Imagine that a detective story is the code base. In this scenario, if readers (developers) want to determine where the murder took place (what behavior needs to be changed in the code), they have to look at more than one page (the entire codebase). In such novels, too, there is often more than one plot for the reader to follow. Regardless of whether the main character is getting married or moving away, readers need to understand how the different elements on all the different pages work together to build the crime narrative. In order to find out where the murder took place, they must also make clear these multiple storylines, the murder weapon, potential suspects, the location of the murder and more.

Now imagine using a universal code search tool to find where in the novel the murder took place. Such a tool can direct readers to look at specific pages, but then readers have to go back and read all of those pages to determine if the hit is relevant to the plot they care about in the novel. And then they still have to reassemble the plot because it may not unfold in the right order or hark back to earlier passages.

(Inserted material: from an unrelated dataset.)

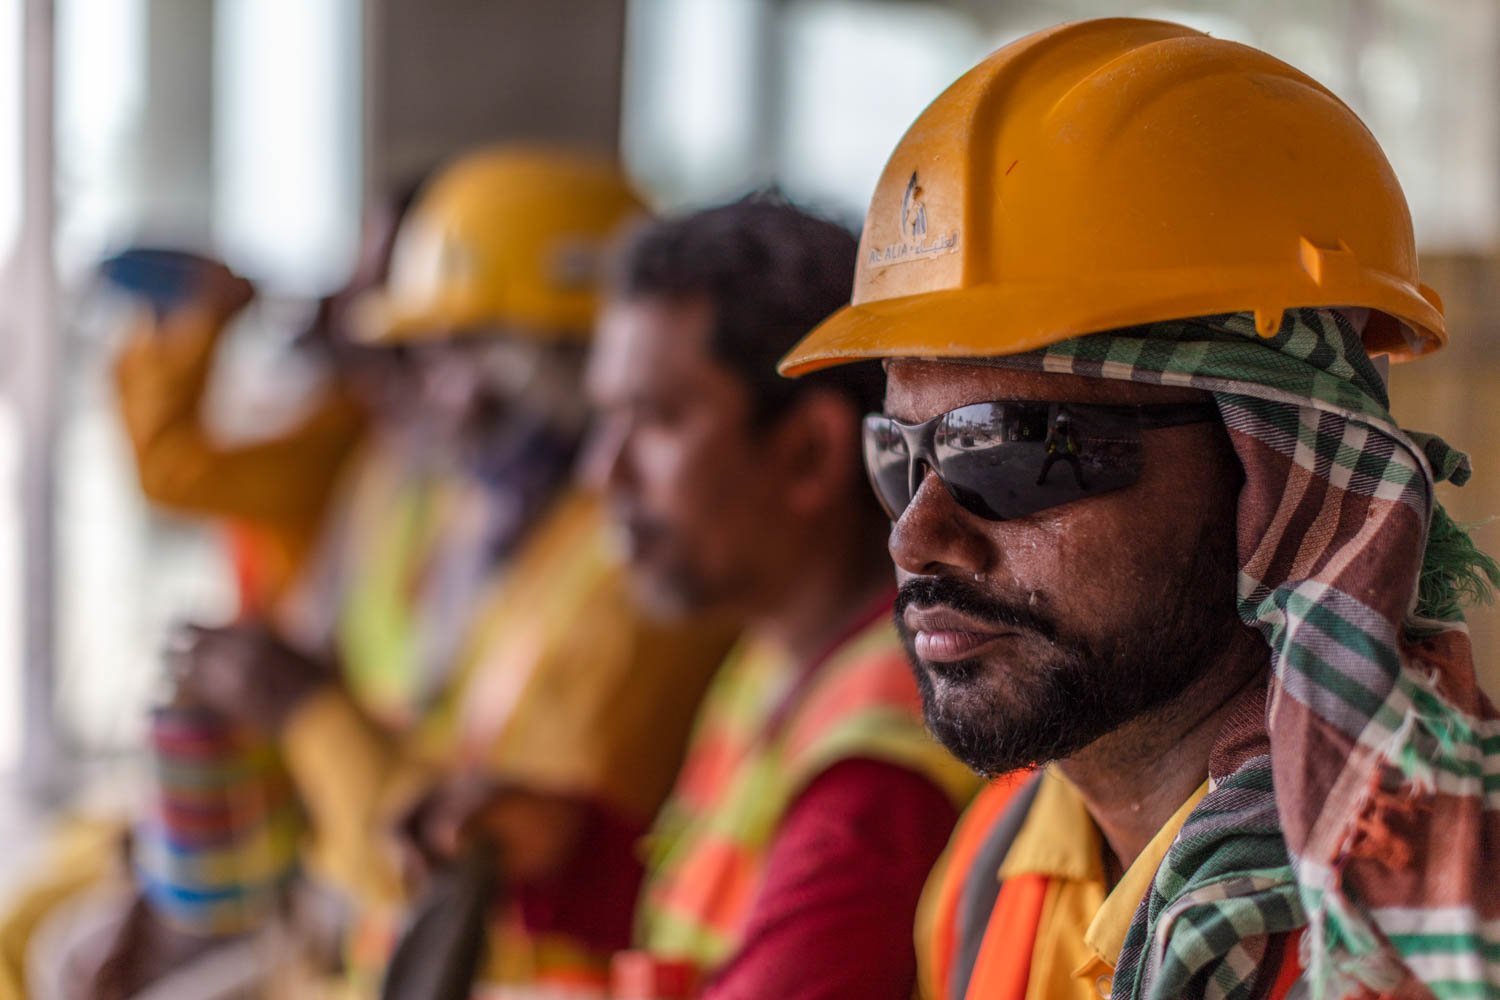  Workers at a construction site in Lusail City, Qatar on August 18, 2022.

But there is a better way! What if you could request a tool for the action you want and just get it back? Enter the COBOL colleague.

COBOL colleague: An artificially intelligent employee

Supported by phase change software, COBOL Colleague uses a unique artificial intelligence approach to automate thought processes for developers. With the source code as the tool’s only input, COBOL Colleague provides organizations with immediate application expertise and intellectual control over their applications and systems – whether written in COBOL or (in the future) another programming language.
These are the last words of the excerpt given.